Saturday, September 17, 2011

Childbirth

So, okay I know is not YET my time, but I was starting watching stuff about childbirth, labor and such and I am starting to get nervous. For the ones who doesn't know...I am a big, BIG coward about pain. I hate pain...I can't tolerate pain. I got to the doctor at the moment I feel whatever thing an over the counter medication can't get through in 24 hours.

I have been through several pains in my life though...I have broke an arm, my right one...in the middle of my third year in college, NOT a good time to do so especially if you are right handed. Don't ask me how I did it but I ended up even making mechanical plot drawings for me and making money from my classmates. Then later on I had a couple of surgeries, nothing major but pain was involved. Everytime I had those minor encounters with a surgeon or a doctor I always asked: "Does childbirth hurts like this?" and the only answered I got was a consistant laugh and a "omg no dear, that one is wayyy worst than this". That didn't sound good.

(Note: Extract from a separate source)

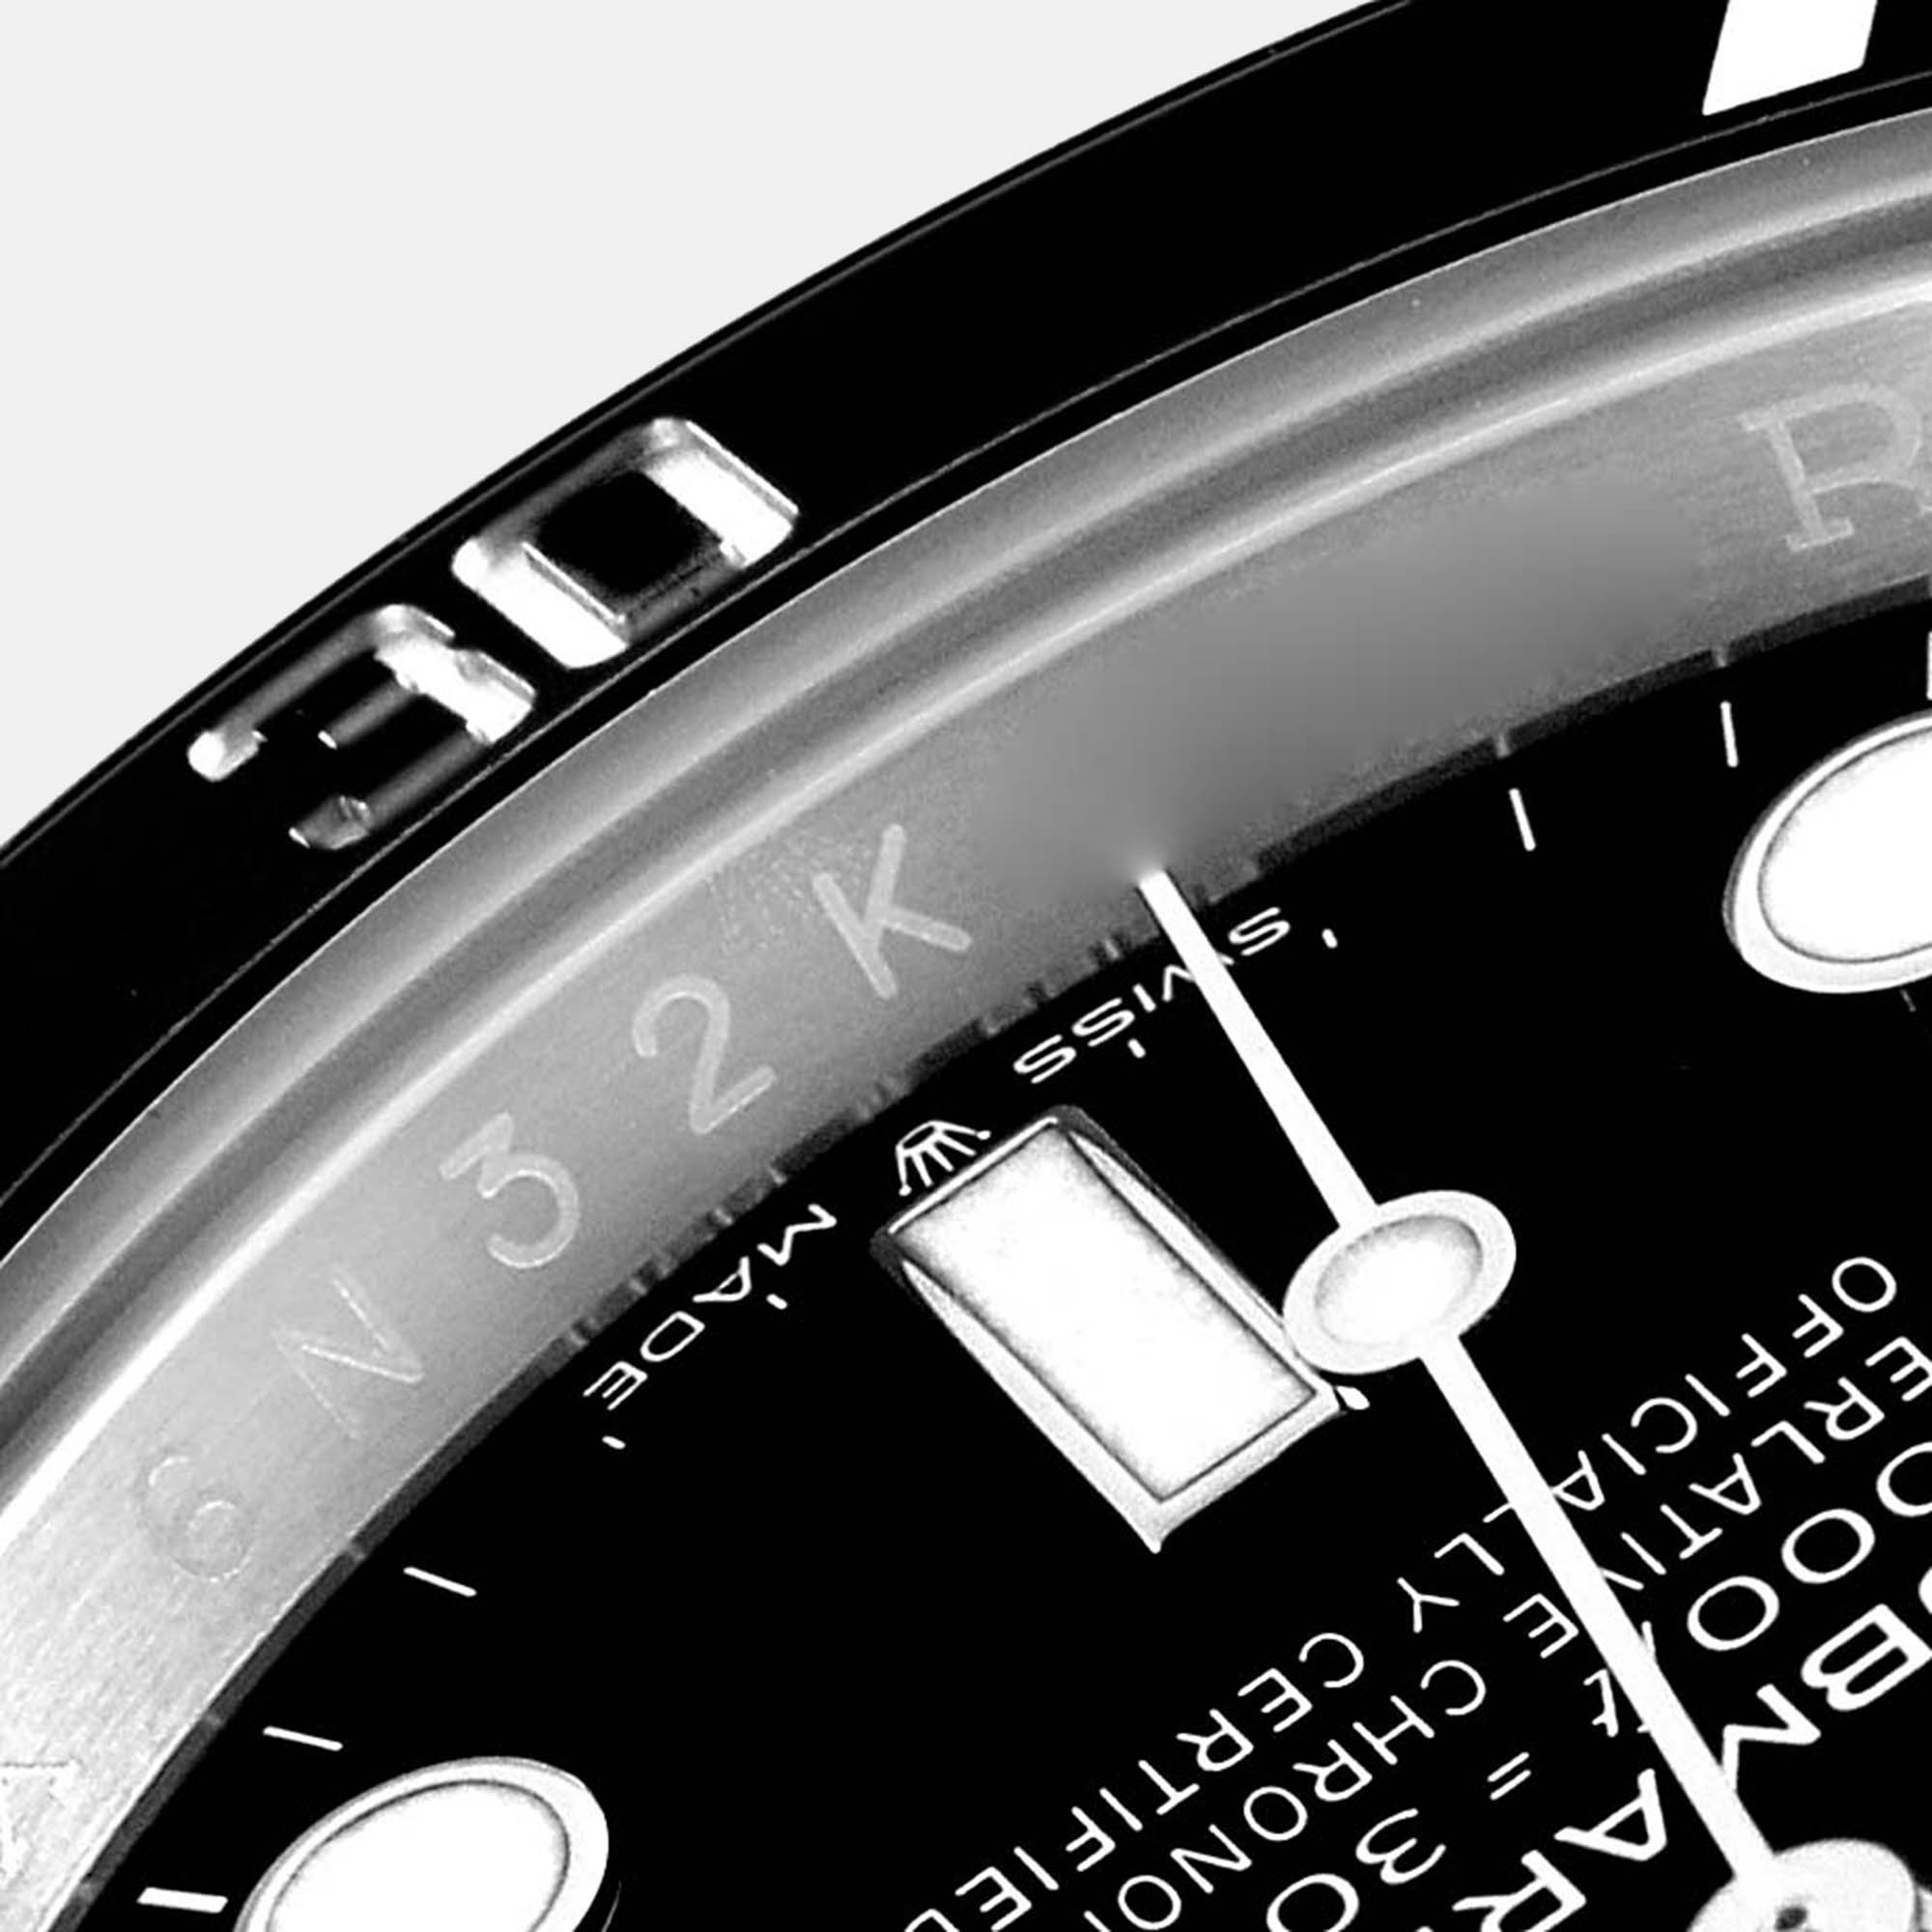 Rolex Submariner Black Dial Ceramic Bezel Steel Mens Watch 126610

I actually hope to get through it...you know, nobody tells you that being pregnant is in stages. Nothing is guarantee and I am starting to worry about many things in the meantime. If I am eating well, if I am getting angry when I should relax, if I am getting enough sleep so the baby can get all that it needs...to the most terrifying ones who are I can't feel the baby yet and I am hearing that some people at this stage do...and I don't!  I have my 4 months appointment next week and I am suffering of anxiety already to listen to the heartbeat, when I will know for sure the sex of the baby? So many questions and little answers that you get though the meantime. It's an eternal up and downs of worry and then joy. Nobody tells you that...only that "it's normal, you will be fine".

I am glad most people have the courage to believe that I will do just like that...fine, but right now I am like a nervous ball.